Carwood (Vincent Price) is the brains of the outfit, aided and abetted by J.J. Bealer (Charles Laughton) and Hintten.

Cast
 Robert Taylor as Rigby
 Ava Gardner as Elizabeth Hintten
 Charles Laughton as J.J. Bealer
 Vincent Price as Carwood
 John Hodiak as Tugwell 'Tug' Hintten
 Samuel S. Hinds as Dr. Warren
 John Hoyt as Gibbs
 Martin Garralaga as Pablo Gomez

Reception

Box office
According to MGM records the movie earned $1,559,000 in the U.S. and Canada and $951,000 overseas, resulting in a loss to the studio of $322,000.

Critical reception
Film critic Bosley Crowther lambasted the drama in his film review, writing "If you plan to put down your money to see the Capitol's The Bribe, we suggest that you be prepared to write off this extravagance as a folly and nothing more. For The Bribe is the sort of temptation which Hollywood put in the way of gullible moviegoers about twenty years ago. It's a piece of pure romantic fiction, as lurid as it is absurd. And if it didn't have several big 'names' in it, it would be low-man on a 'grind house' triple-bill...The only hint which the director, Robert Z. Leonard, gives that he may have meant it all as pure nonsense comes at the very end, when he blows up the place with pyrotechnics.
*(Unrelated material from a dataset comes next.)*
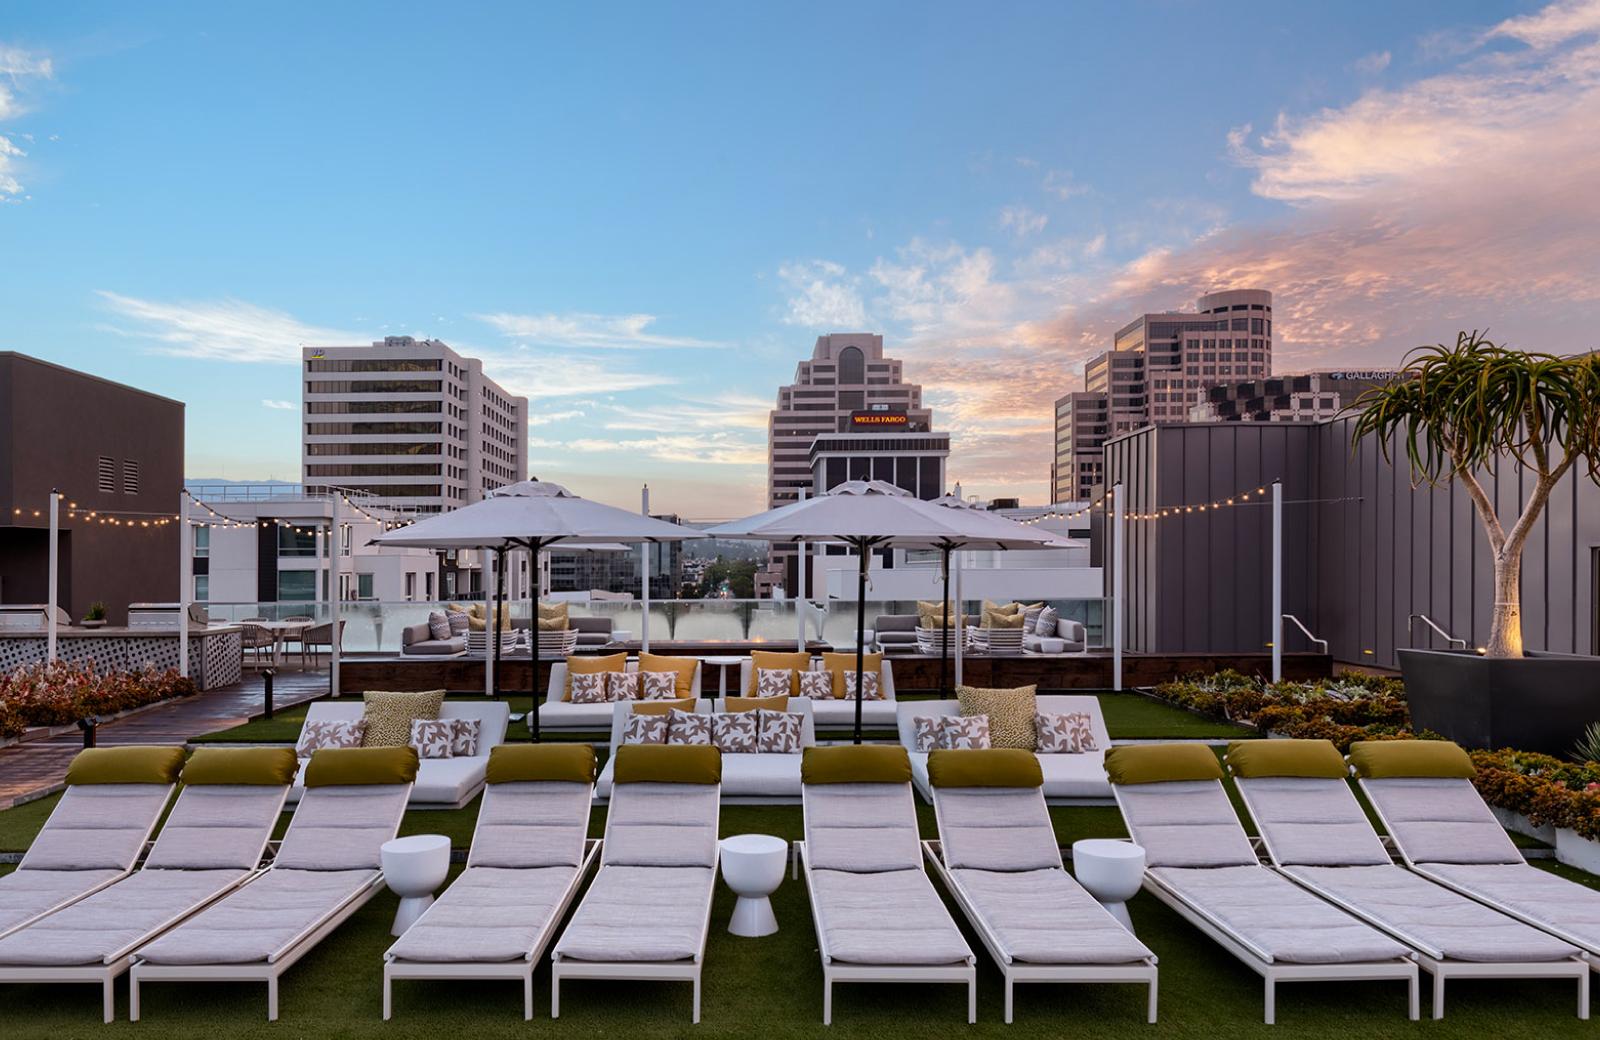 Pool Lounges - Altana Apts Glendale

That's the one appropriate move in the whole show."

The Brooklyn Eagle found the film "a synthetic dish, obviously whipped up on one of M-G-M's mammoth back lots with a minimum of juice, nourishment and flavor, meaning conviction and excitement. Or, to put it another way, 'The Bribe' is a melodrama with a transparent facade. You're continually aware of actors busy at make-believe, a director telling them what to do and, in a more remote spot, a writer sweating over his typewriter to think up good, hot situations....Laughton's self-enjoyment at slicing the ham thick is passable fun to watch, which is more than can be said for the others. Taylor, Gardner, Price and Hodiak, they simply put in time and effort, little else."

Time Out film guide included the following in their review: "Price and Laughton make a formidable pair of heavies in this otherwise feeble thriller shot on a cheaply rigged-up corner of the MGM backlot. Taylor isn't up to moral dilemma as a US government agent sent to crack illicit aircraft engine trading in the Caribbean, yet tempted by a lucrative cash offer and the irresistible charm of café chanteuse Gardner."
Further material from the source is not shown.